I reject your reality and substitute my own: the feather falls faster. It’s more streamlined than the bowling ball, and thus it slips through the vacuum much faster and does hit the ground and stay on the ground, I think. The ball will bounce at least once, maybe even three times. On each bounce, parts of it probably break off, which change the weight. Thankfully those broken pieces won’t hurt anyone because they’re sucked up by the vacuum. Thus, rendering your dungeon wizard spells ineffective against me.
This argument is deeply flawed when applying classical Newtonian physics. You have two issues:
- Acceleration of a system is caused by a sum of forces or a net force, not individual forces. To claim that the Earth accelerates differently due to two different forces is an incorrect application of Newton’s second law. If you drop a bowling and feather in a vacuum, then both the feather and the bowling ball will be pulling on the Earth simultaneously.
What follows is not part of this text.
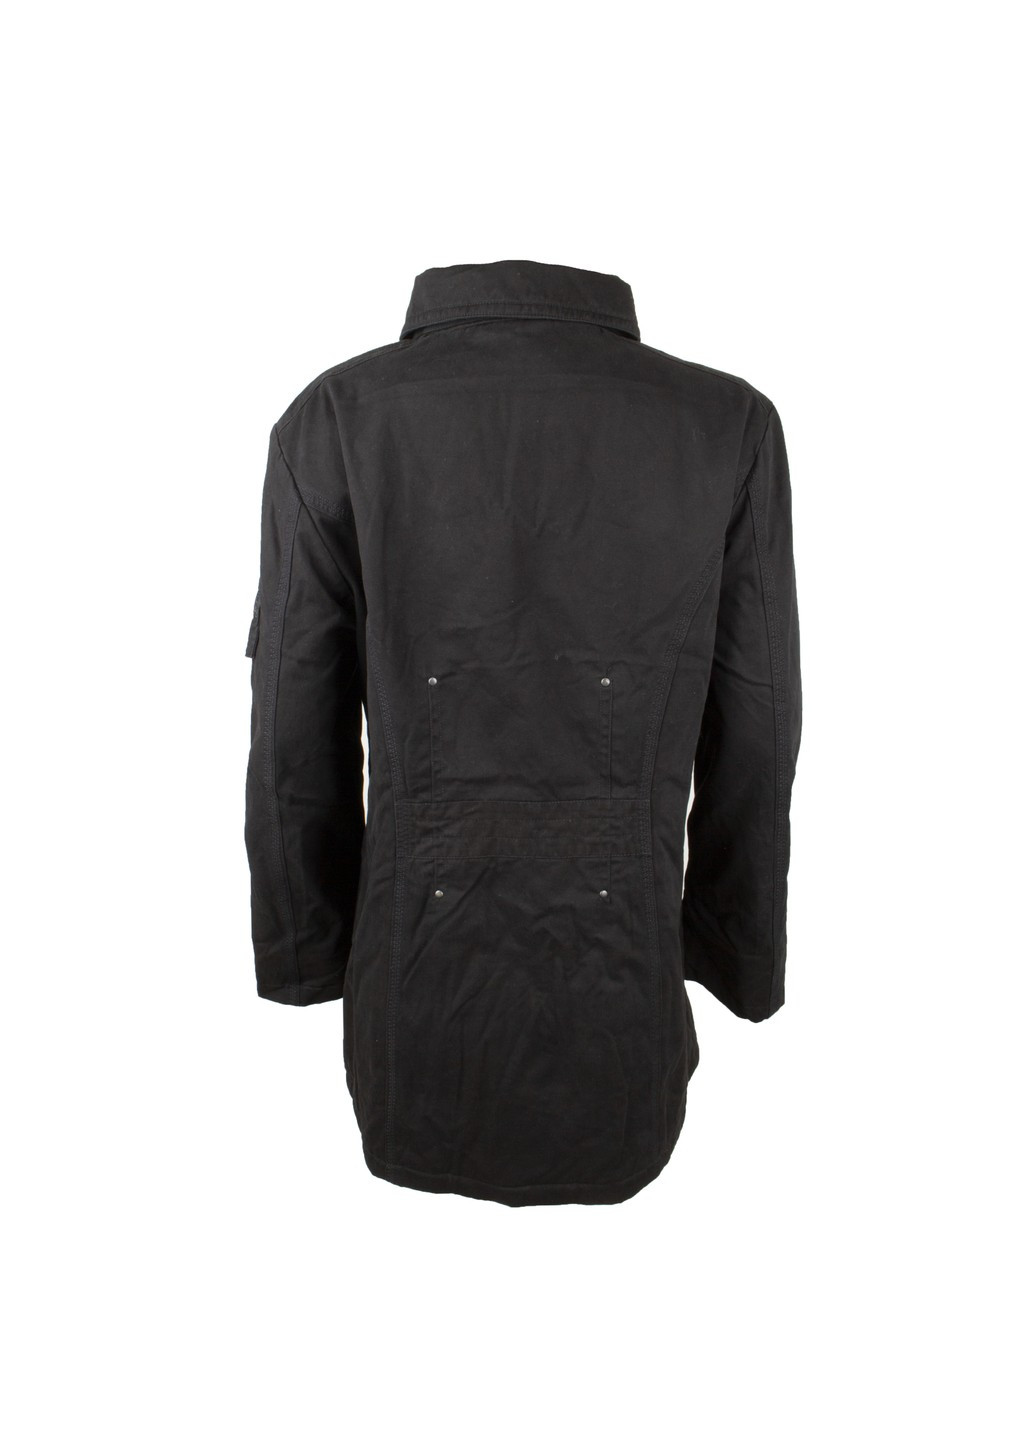 Черная куртка женская clothing Mox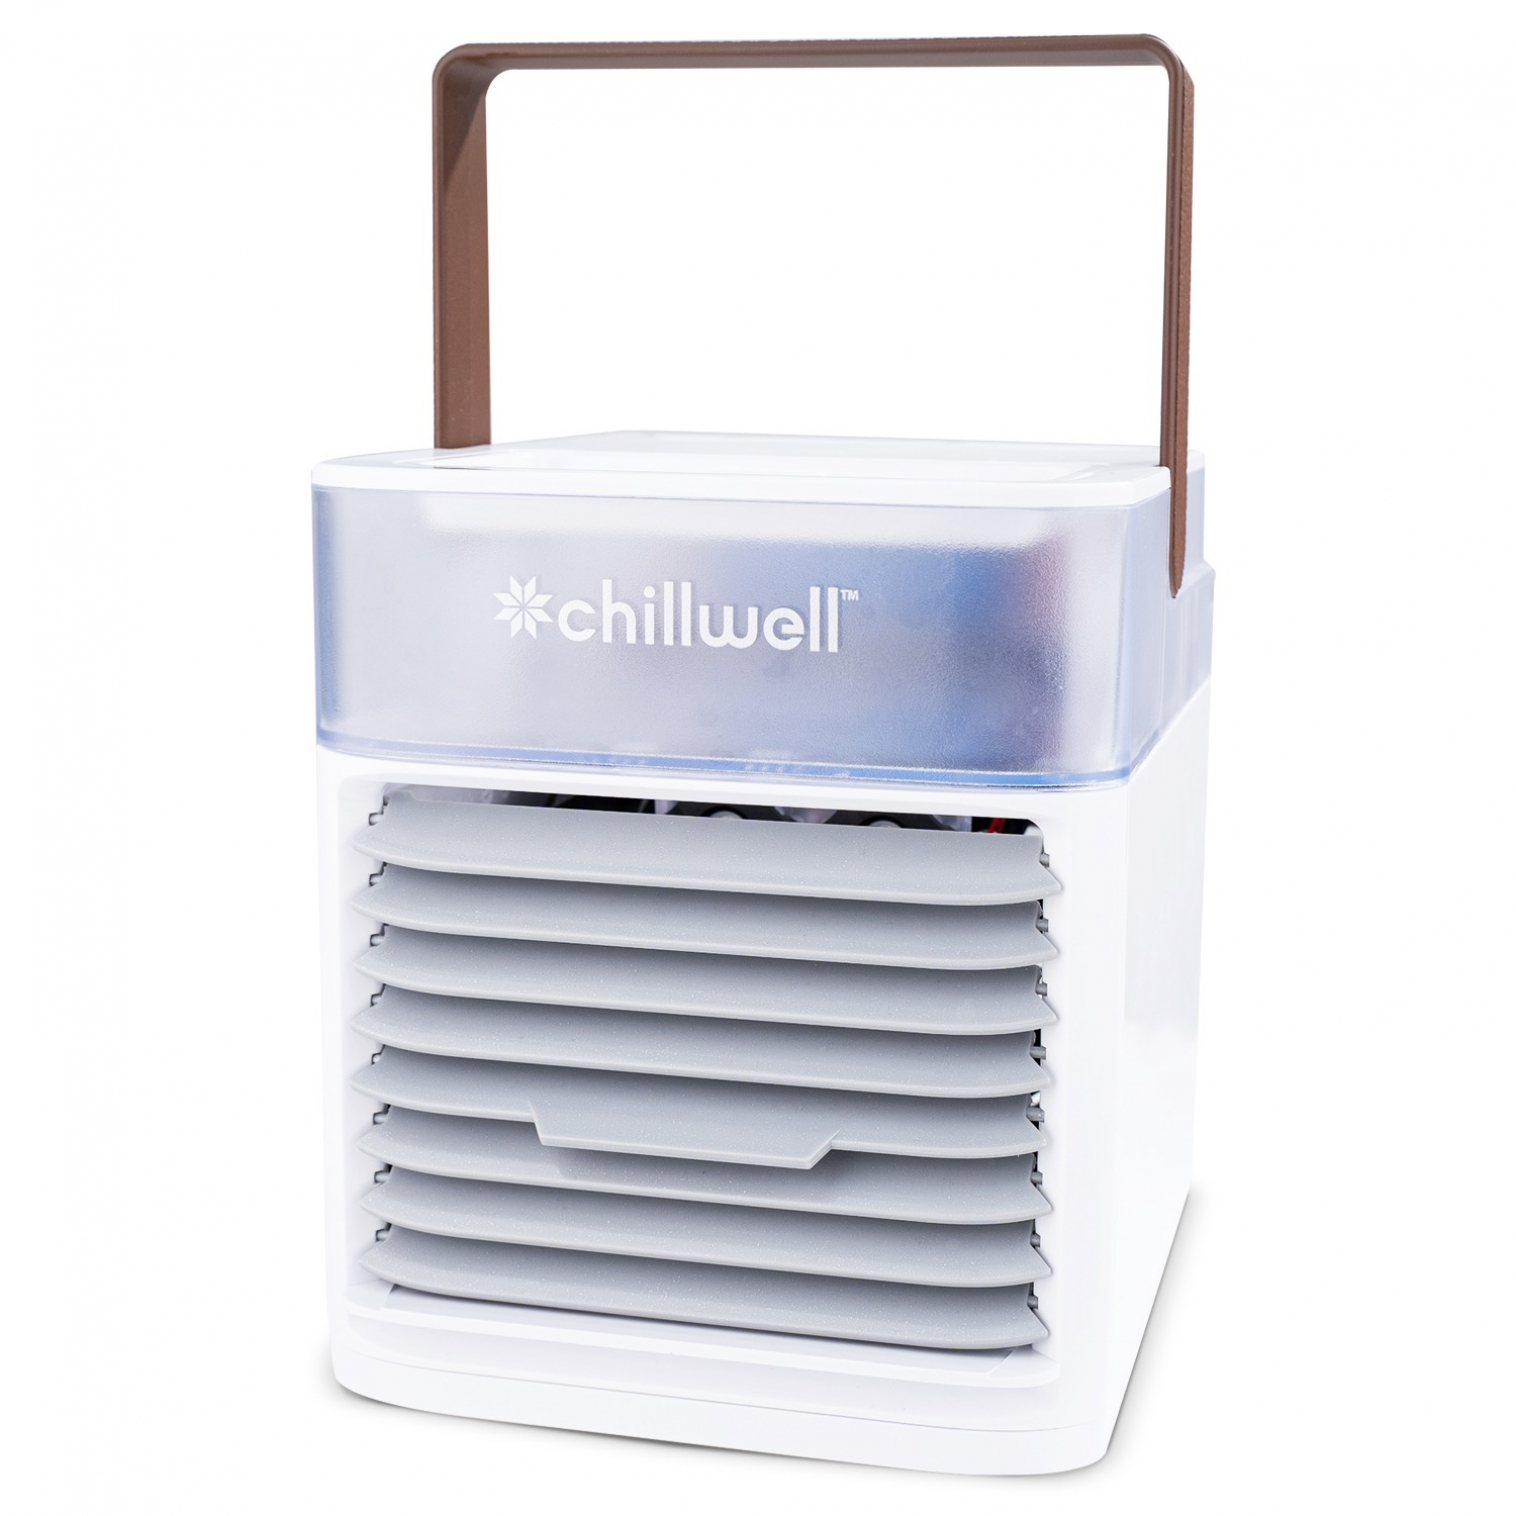 Chillwell AC Mini Air Conditioner

The Earth’s acceleration would be the same towards both the bowling ball and the feather, because we would consider both the force of the feather on the Earth and the force of the bowling ball on the Earth when calculating the acceleration of the Earth.
- You present this notion that two different systems can accelerate at 9.81 m/s/s towards Earth according to an observer standing on the surface of Earth; but when you place an observer on either surface of the two systems, Earth is accelerating at a different rate. This is classically impossible. If two systems are accelerating at 9.81 m/s/s towards Earth, then Earth must be accelerating 9.81 m/s/s towards both systems too.
Re your first point: I was imagining doing the two experiments separately. But even if you do them at the same time, as long as you don’t put the two objects right on top of each other, the earth’s acceleration would still be slanted toward the ball, making the ball hit the ground very very slightly sooner.
Re your second point: The object would be accelerating in the direction of earth. The 9.81m/s/s is with respect to an inertial reference frame (say the center of mass frame). The earth is also accelerating in the direction of the object at some acceleration with respect to the inertial reference frame.